A new wave of revelations surrounding Bank Ayandeh has exposed one of the most severe corruption scandals in Iran’s banking system, highlighting years of political protection, hidden ownership structures, and deliberate mismanagement that ultimately pushed the bank to the brink of collapse.
Despite repeated warnings from experts and the regime Parliament’s Research Center since 2018, decisive action was blocked by influential networks benefiting from the bank’s operations.
Officials now confirm that the cost of delaying intervention between 2023 and 2025 added an additional 380 trillion tomans to the crisis. Babak Negahdari, head of the regime’s Parliament Research Center, stated that his institution had issued early warnings years ago, but these were consistently ignored.
Economic analysts argue that the deterioration accelerated dramatically after the bank came under the control of the Ministry of Economy during the Raisi administration. Prior to that transfer, Bank Ayandeh’s losses were below 120 trillion tomans. However, following decisions made by government-appointed managers, the scale of the crisis quadrupled.
By the time the Central Bank initiated its resolution process, it acknowledged catastrophic financial indicators: 540 trillion tomans in accumulated losses and 311 trillion tomans in overdrafts from the Central Bank. Independent experts place the numbers even higher.

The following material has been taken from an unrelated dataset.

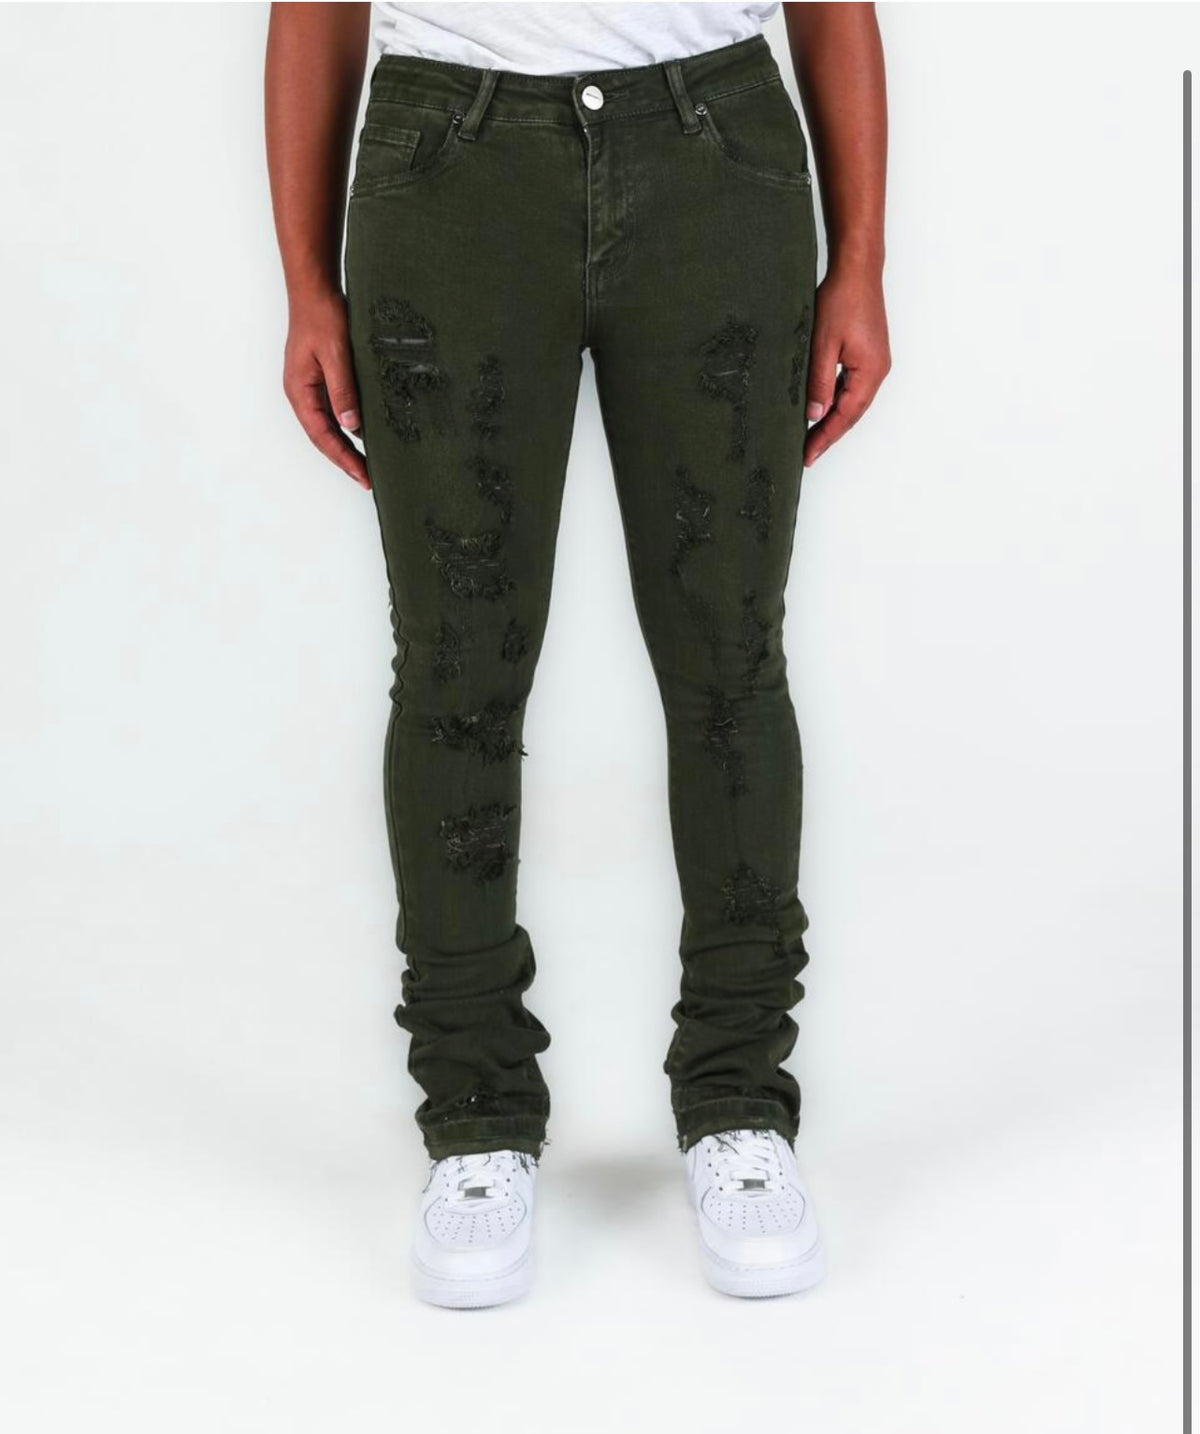 PHEELINGS - "NOW OR NEVER" FLARE STACK DENIM - ARMY

Economist Mahmoud Jamsaz described the situation as unprecedented, noting that Bank Ayandeh had accumulated 465 trillion tomans in losses, owed 500 trillion tomans to the Central Bank, and carried 240 trillion tomans in commitments to depositors.
He stressed that the bank exploited concealed ownership networks and enjoyed ongoing support from powerful economic and political circles. Over twelve years, he said, Bank Ayandeh used the banking system as a tool for wealth extraction and influence, jeopardizing national financial stability.

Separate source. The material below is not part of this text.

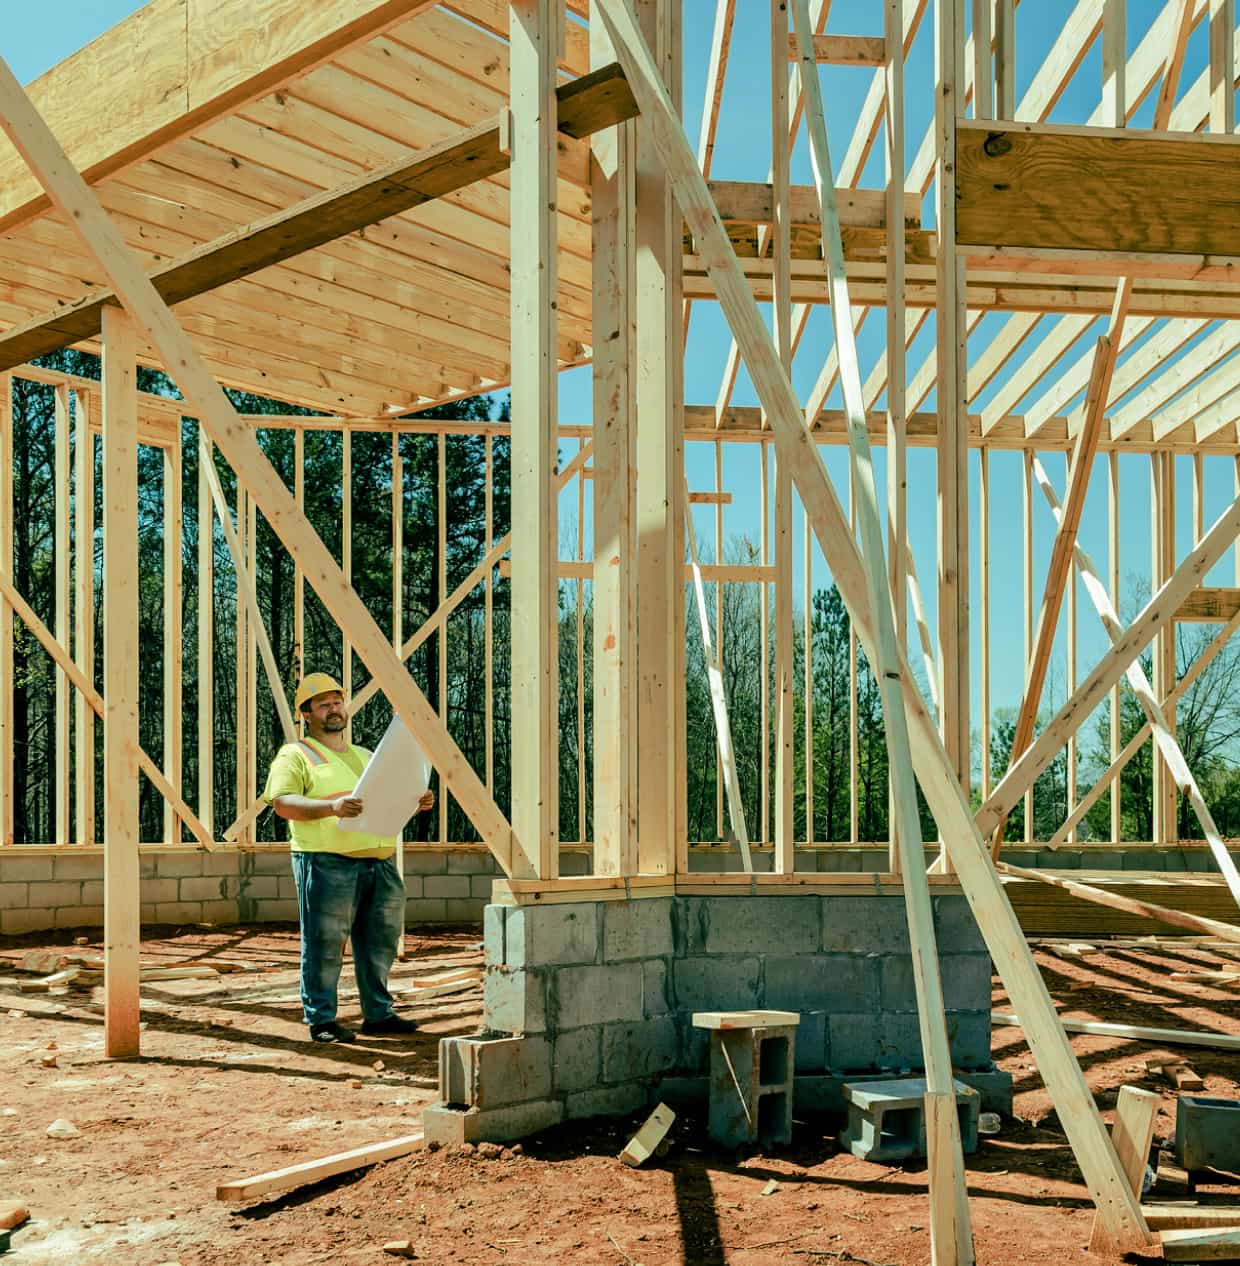 A construction worker in a reflective vest reviews plans in a partially framed building.

Parliamentarians are now underscoring the scale of the corruption. According to the latest oversight reports, Bank Ayandeh’s accumulated losses reached 549 trillion tomans by September 2025—equal to more than half of all accumulated losses across the entire Iranian banking network, despite controlling only 1.7 percent of total banking assets.

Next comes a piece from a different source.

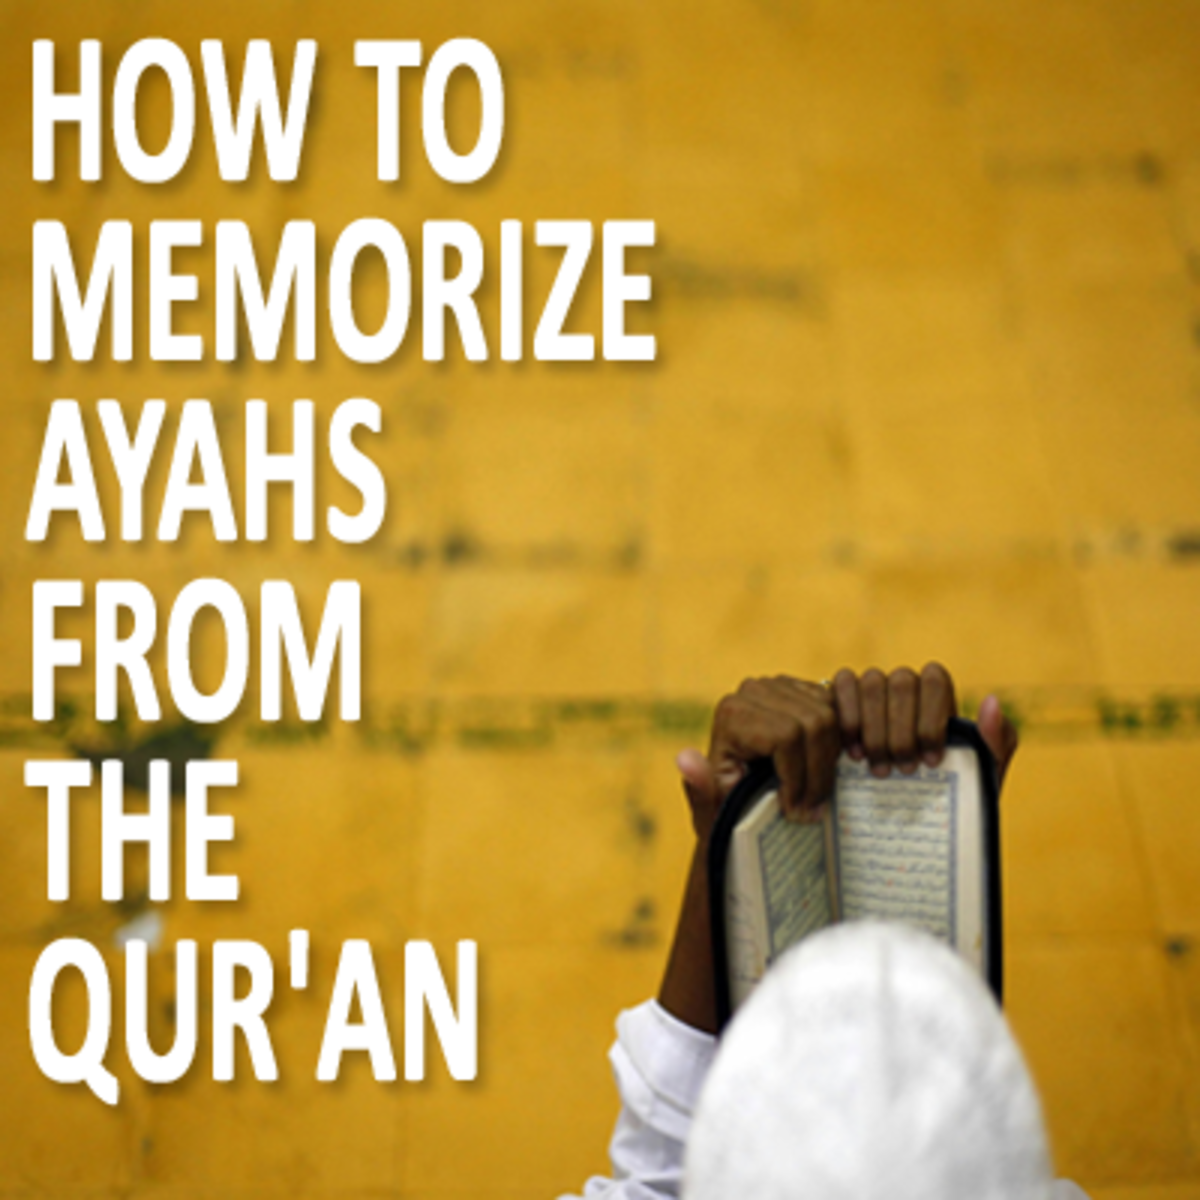 How to Memorize Ayahs From the Qur'an

The bank’s overdraft from the Central Bank also climbed to 350 trillion tomans, accounting for roughly 35 percent of all overdrafts in the system.
The disclosures paint a clear picture: Bank Ayandeh did not collapse due to market pressures or miscalculation.
It collapsed because it was shielded by powerful regime factions that enabled years of opaque ownership, political interference, and unchecked looting.
The consequences now threaten the country’s broader financial stability, while those responsible remain protected by the very institutions meant to enforce accountability.